How do you communicate with your church members, visitors, and community?  How do you make sure your message connects with your audience AND creates engagement across multiple groups?

We are bombarded by information.  Providing useful information that stands out from all the noise is the real challenge.  Does your church have an effective communication strategy or are you simply operating on auto pilot week after week?  In order for your church communications to be effective, you must:

  • Reach your intended audience
  • Create a message that resonates with your audience
  • Drive engagement

LET’S TAKE A LOOK AT 8 WAYS TO IMPROVE YOUR CHURCH COMMUNICATIONS.

1. Understand Your Audience.  Respect Your Segments.

Who are you trying to reach?  How well do you know your current membership?  How well do you know your potential audience?  What are their preferences when it comes to receiving and accessing information?

It is true that you can’t be all things to all people.  Conversely, you shouldn’t be all things to one group at the exclusion of everyone else.  You need to have an effective communications strategy for each segment you are trying to reach.  Respect their differences.   Reach them where they are.

2. Target Your Segments.  Everyone is Not Interested in Everything.

A good database should be more than a place to store information.  It should be an essential part of crafting your communications strategy.  Use demographic information and information about interests and involvement to create targeted communications via email, texts, social networks, and mail.  Too much information sent to everyone will result in too many opt-outs.

3. Know Your Options. Create the Right Media Mix.

We have an overwhelming number of choices today when it comes to accessing and sharing information:  traditional/print, online, social media, email, texts, mobile apps, etc.  Which one of these should you employ as part of your communications mix?  It depends.  What does your audience use?

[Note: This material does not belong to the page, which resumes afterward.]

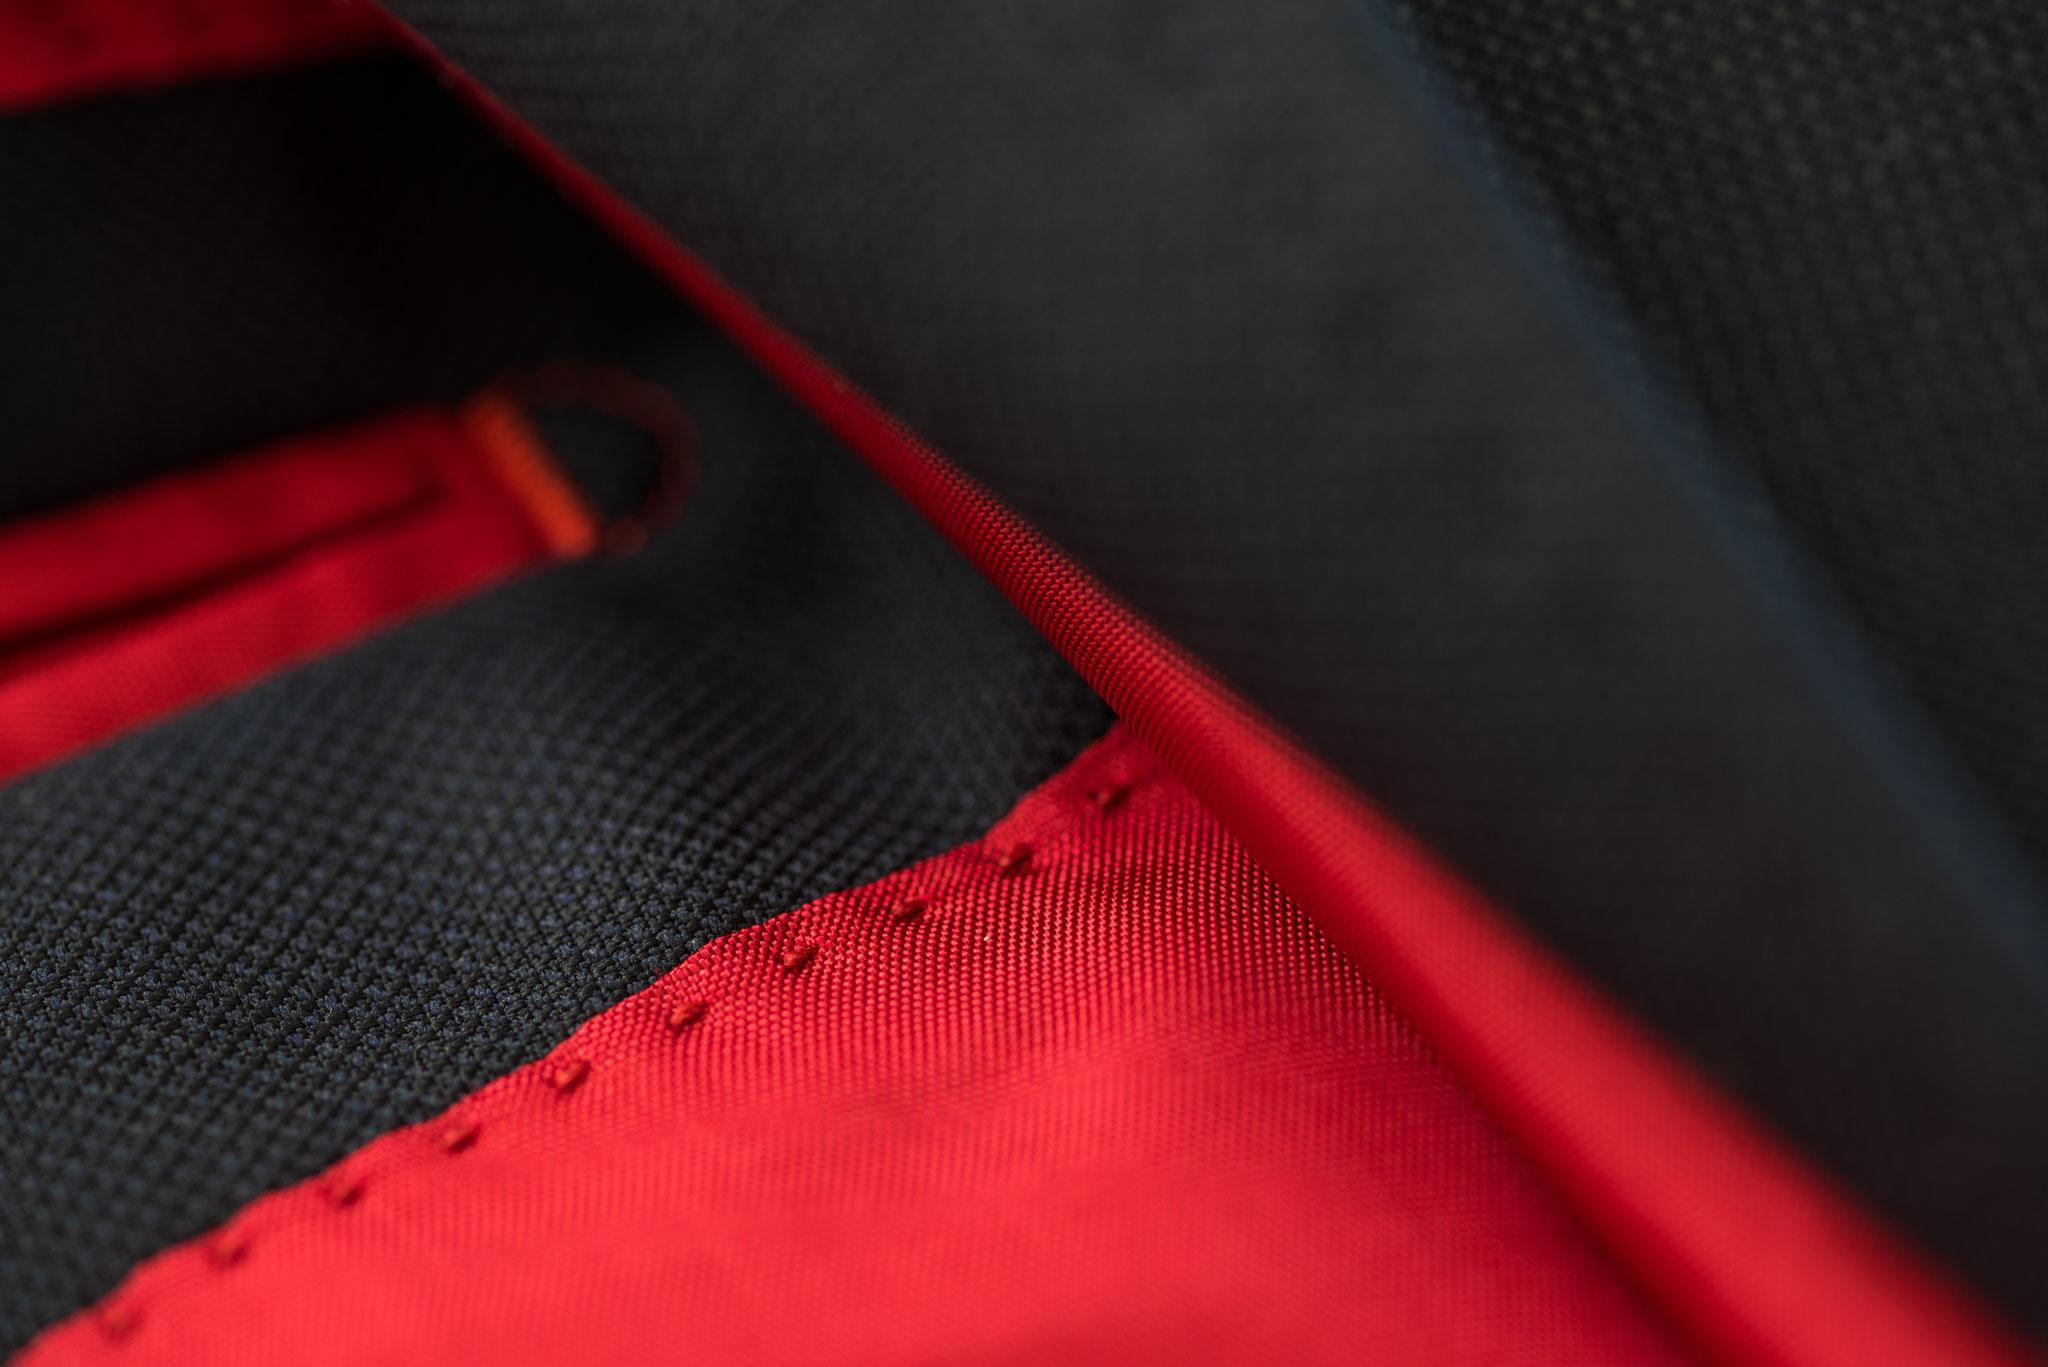 AMF Steppung in rotem Futter eines dunkelblauen Herrensakkos
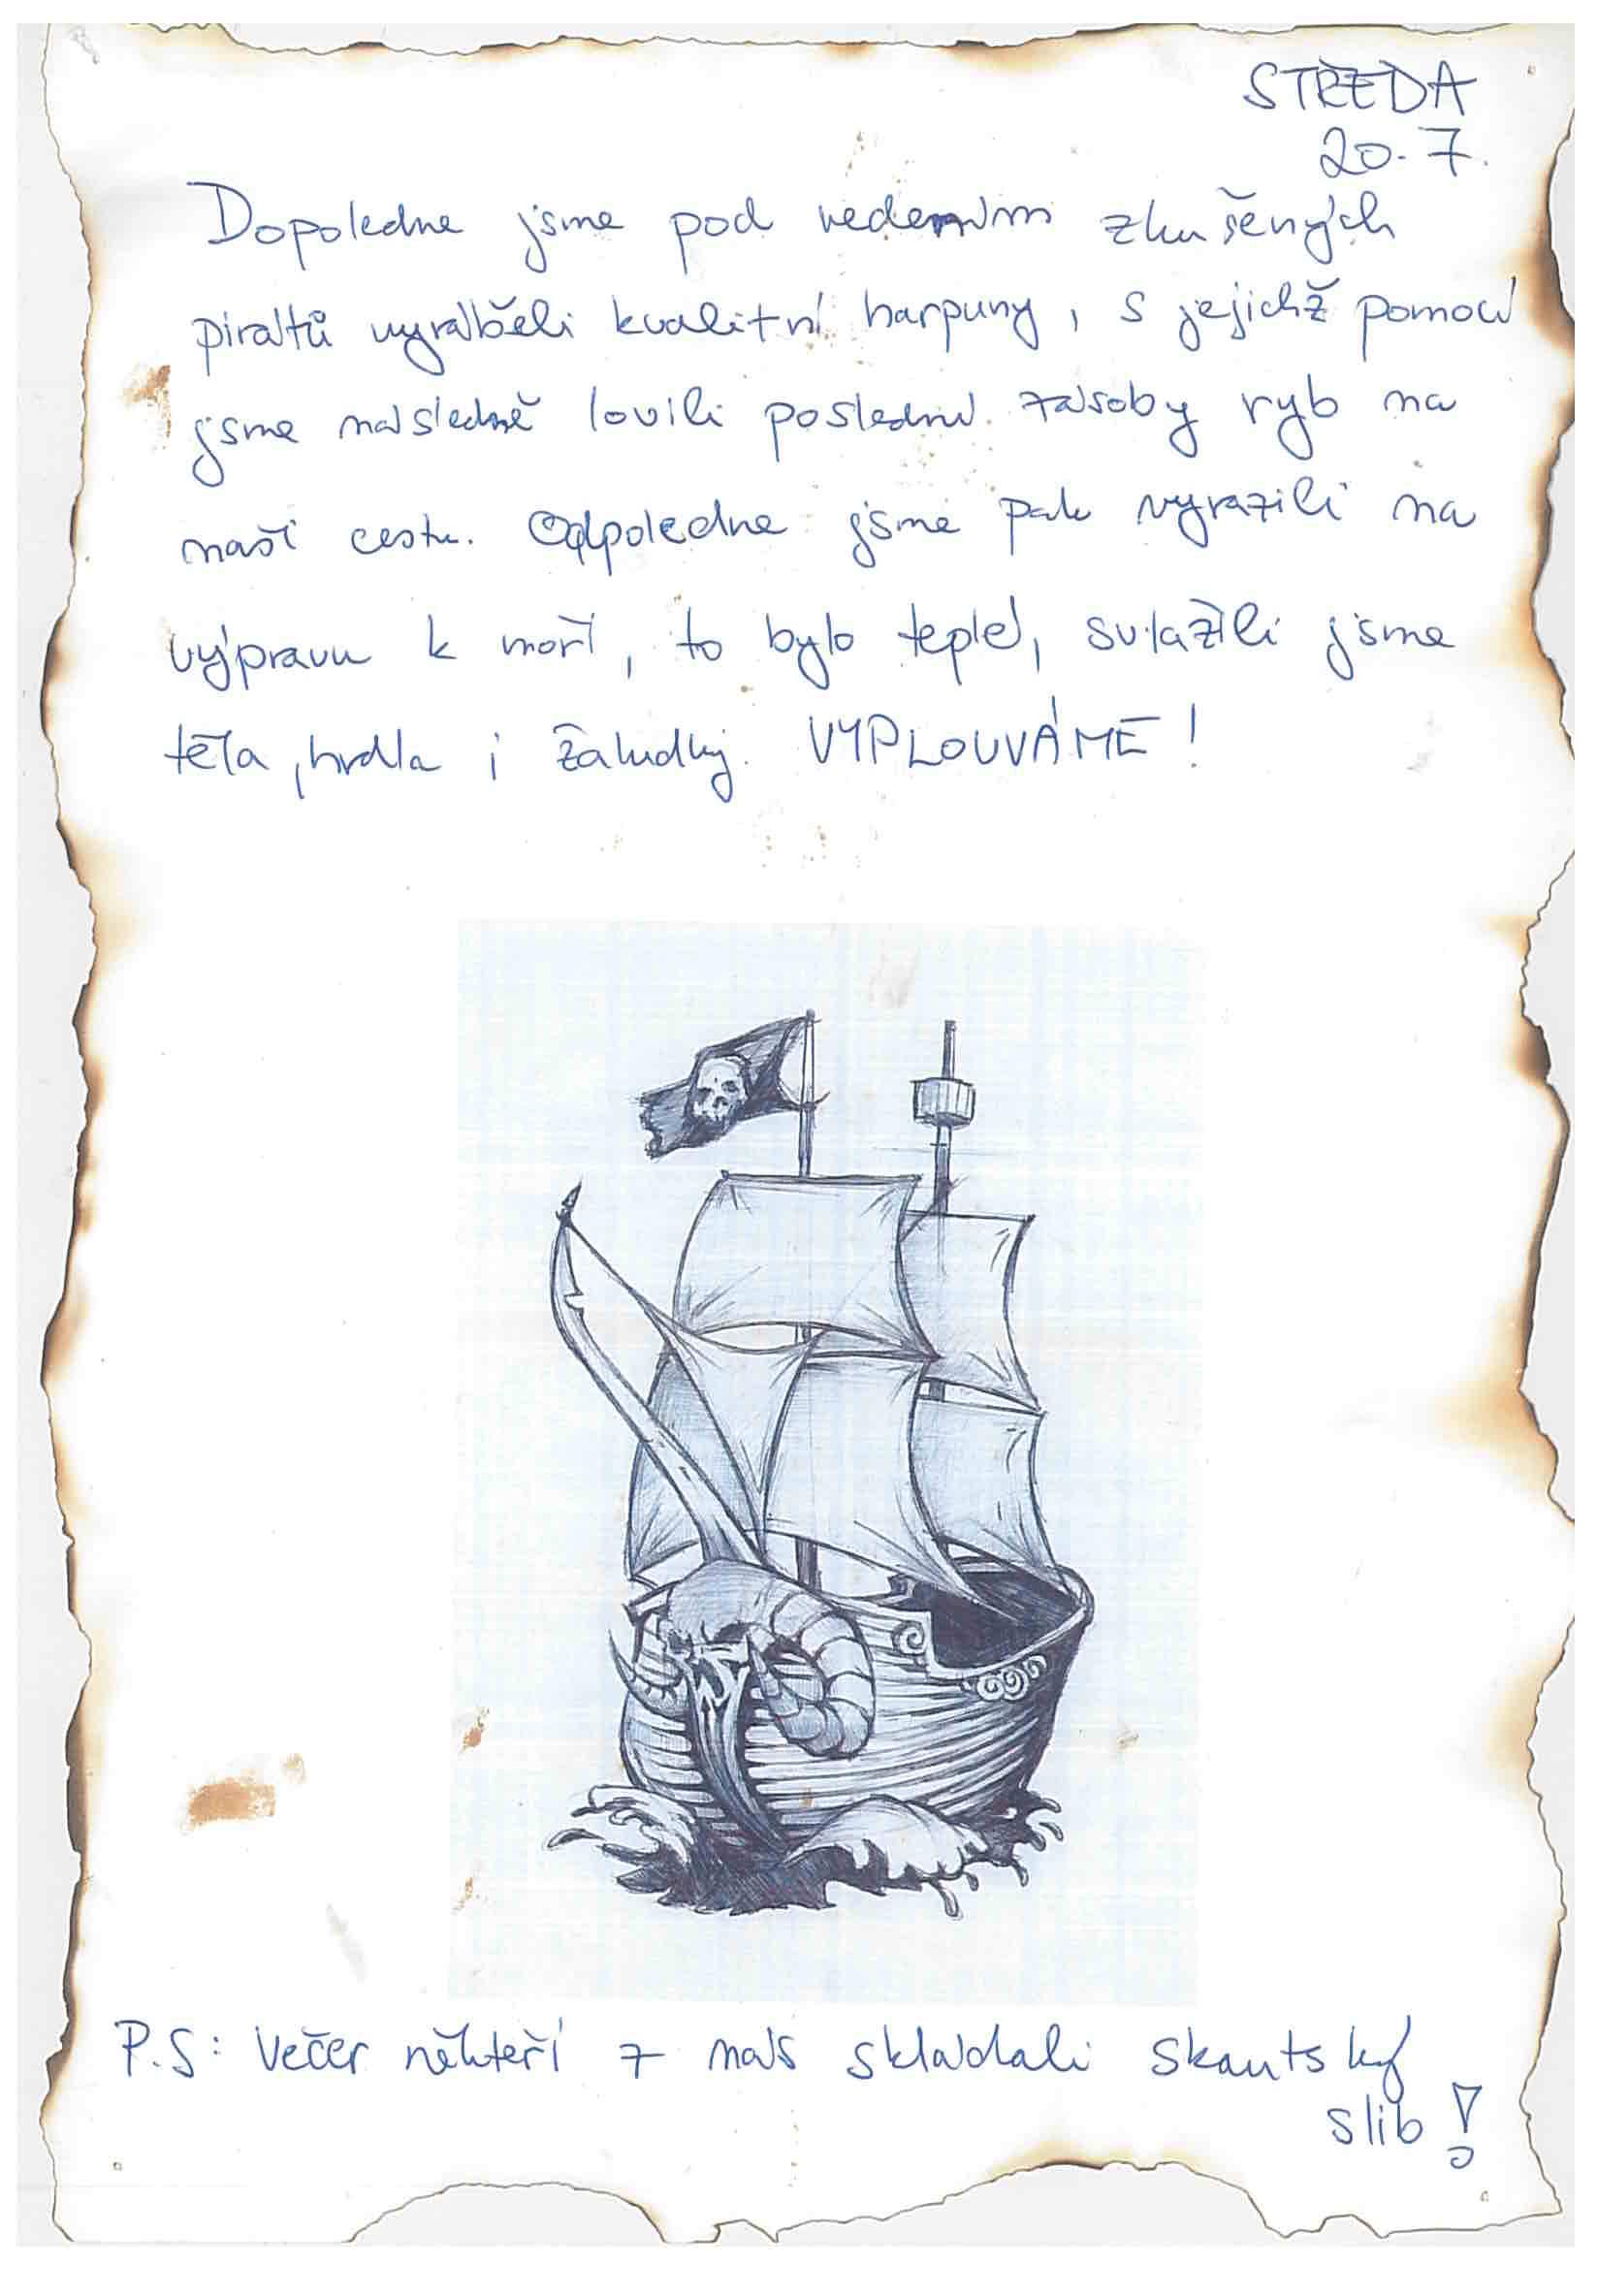 20.7.2016 Vzpomínka na tábor 2016 - Piráti

Each congregation is different.  Is yours older, younger, middle aged or all of the above?  If your congregation is older, they might prefer print over digital.  However, in order to remain healthy your church needs to grow and attract younger generations as well.  In this case you might need to create a balance between print, an online presence (a modern, professional website), email, and social media matched to your audience.  If your service is contemporary and technology oriented, then your mix might be exclusively digital media with an emphasis on mobile apps and the social media your audience connects with most.   Know what they are using and connect with them where they hang out.

You also need to have a communications strategy to transition people from your current media mix to a more relevant one.  Nobody enjoys abrupt change without warning.  Take an honest assessment of what you are currently using, identify elements to add to/subtract from the mix, and put together a communications plan implemented over a reasonable amount of time.

4. It’s Not About You.  It’s About Them.

Are you providing information people care about?  REALLY care about? How do you know?

It is important to look at this from two perspectives: the regular attendee and the visitor.  Regular attendees can grow complacent about information.  They are insiders.  They get it.  They usually know where to find information.  It doesn’t mean they particularly care about it.

Does your message engage them?  Is it compelling them to take action? Think like a marketer.  What problem are you solving?  What passion are you sparking?

How do visitors perceive you? Are you speaking to them?  Are you making them feel welcome or like an outsider?  They are checking you out.  Try to connect with them at a more personal level by avoiding insider jargon.  Think about an experience you have had walking into an unfamiliar place, travelling to a foreign country, or starting a job in a different industry where everyone speaks in acronyms.  What made you uncomfortable?  What made you feel like you wanted to belong?

5. Make it Relevant.

Does your faith message speak to the issues your community faces?  Nearly 80% of practicing Christians and 56% of all adults say they want to know how faith addresses current challenges.   Tell them.

6. Make it Two-Way.  Drive Engagement.

Does your communication engage people in conversation? Do you give them an opportunity to comment, ask questions, or provide input? Do you respond?  Social media is a great tool for two-way conversation.  Use it to ask questions, listen, and respond.  Keep it conversational and keep it moving.

7. Write to be Scanned.

People have short attention spans.  Very few people read an entire article. They scan.  Write your articles/web pages/emails/social media postings with this in mind.  Use clean layouts that quickly guide readers to the most relevant information.  Use good headings, sub-heads, and graphics to keep readers engaged.

8. Keep it Professional

Yes, some churches are blessed with bigger budgets than others.  That really is no excuse.  Does your church website/email/e-newsletter/social media look professional?  Is it well written?  Is it attractive and easy to navigate? Does your church bulletin (yikes!) look like it was put together by your 99-year old grandmother (sorry grandma!) or 4-year-old child? (We’ll save the church bulletin debate for another time).

To stand out in a noisy, hyper-linked world, your communications needs to reach your intended audience, be relevant and resonate with them, and drive engagement.